If they can get you asking the wrong questions, they don’t have to worry about answers. –Thomas Pynchon, ‘Gravity’s Rainbow’
Good morning, Gentle Reader. This morning I will continue with two more examples of paranoia as a style in political life. As you might recall, the first came from our Congressional Record; Senator Joe McCarthy uttered these words in June, 1951. The second came from the leaders of the Populist Party and is contained within the 1895 ‘Manifesto’ that the leaders signed. The next one appeared in the 15 September, 1855 issues of the ‘Texas State Times.’

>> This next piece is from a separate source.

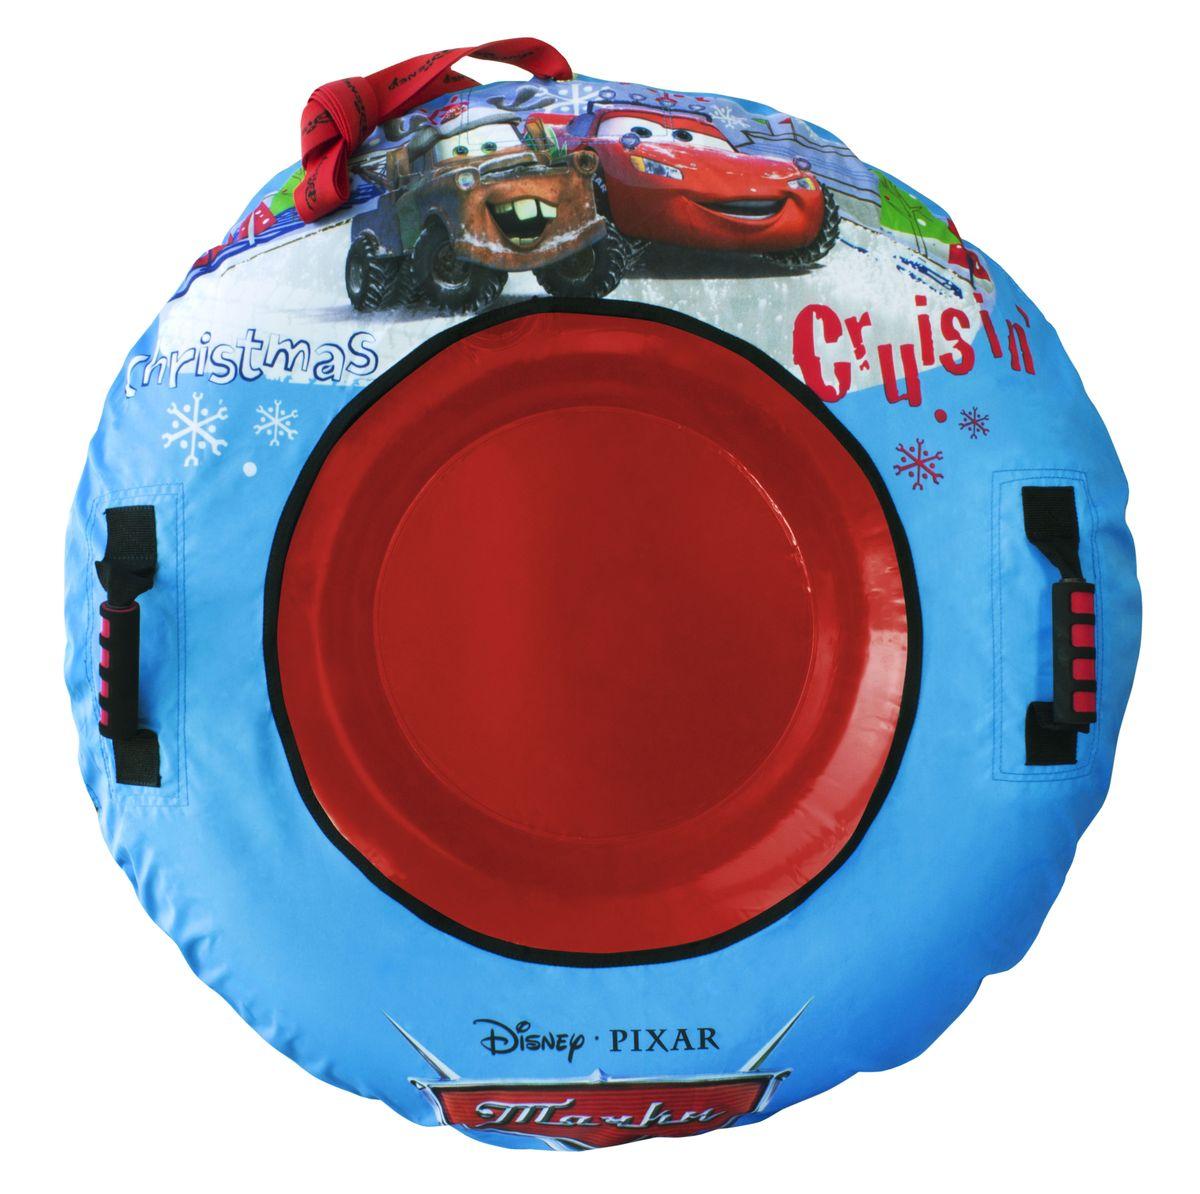 Тачки Тюбинг Disney Тачки, диаметр 92 смSJT-105TOТюбинг Disney Тачки - это красочные надувные санки для веселых развлечений всей семьи, диаметр 92 см. Внешний чехол из нейлона 420 ден. Усиленные крепления ручек. Морозоустойчивый материал до -30С. Предназначен для использования на снежных и ледяных поверхностях. В комплекте: камера, чехол.

From the Texas State Times newspaper, 1855. …It is a notorious fact that the Monarchs of Europe and the Pope of Rome are at this very moment plotting our destruction and threatening the extinction of our political, civil, and religious institutions. We have the best reasons for believing that corruption has found its way into our Executive Chamber, and that our Executive head is tainted with the infectious venom of Catholicism… The Pope has recently sent his ambassador of state to this country on a secret commission, the effect of which is an extraordinary boldness of the Catholic Church throughout the United States… These minions of the Pope are boldly insulting our Senators; reprimanding our Statesmen; propagating the adulterous union of Church and state; abusing with foul calumny all governments but Catholic; and spewing out the bitterest execrations on all Protestantism. [No evidence was ever provided or found to support this conspiracy. Recently our President claimed that many people voted more than once in our recent mid-term elections; they simply went home and changed clothes and returned and voted again. Again, no evidence has been provided AND I was not aware that one could vote again simply by changing one’s clothes!]
A Jedidiah Morse Sermon, 1798 (Massachusetts). Secret and systematic means have been adopted and pursued, with zeal and activity, by wicked and artful men, in foreign countries, to undermine the foundations of this Religion (Christianity), and to overthrow its Altars, and thus to deprive the world of its benign influence on society… These impious conspirators and philosophers have completely effected their purposes in a large portion of Europe, and boast of their means of accomplishing their plans in all parts of Christendom, glory in the certainty of their success, and set opposition at defiance… [Morse was referring to the movement that we have come to call, ‘The Enlightenment’ a ‘movement’ that, among other things stressed the importance that each person learn to think for him and herself. This, alone, was a threat to many religionists.]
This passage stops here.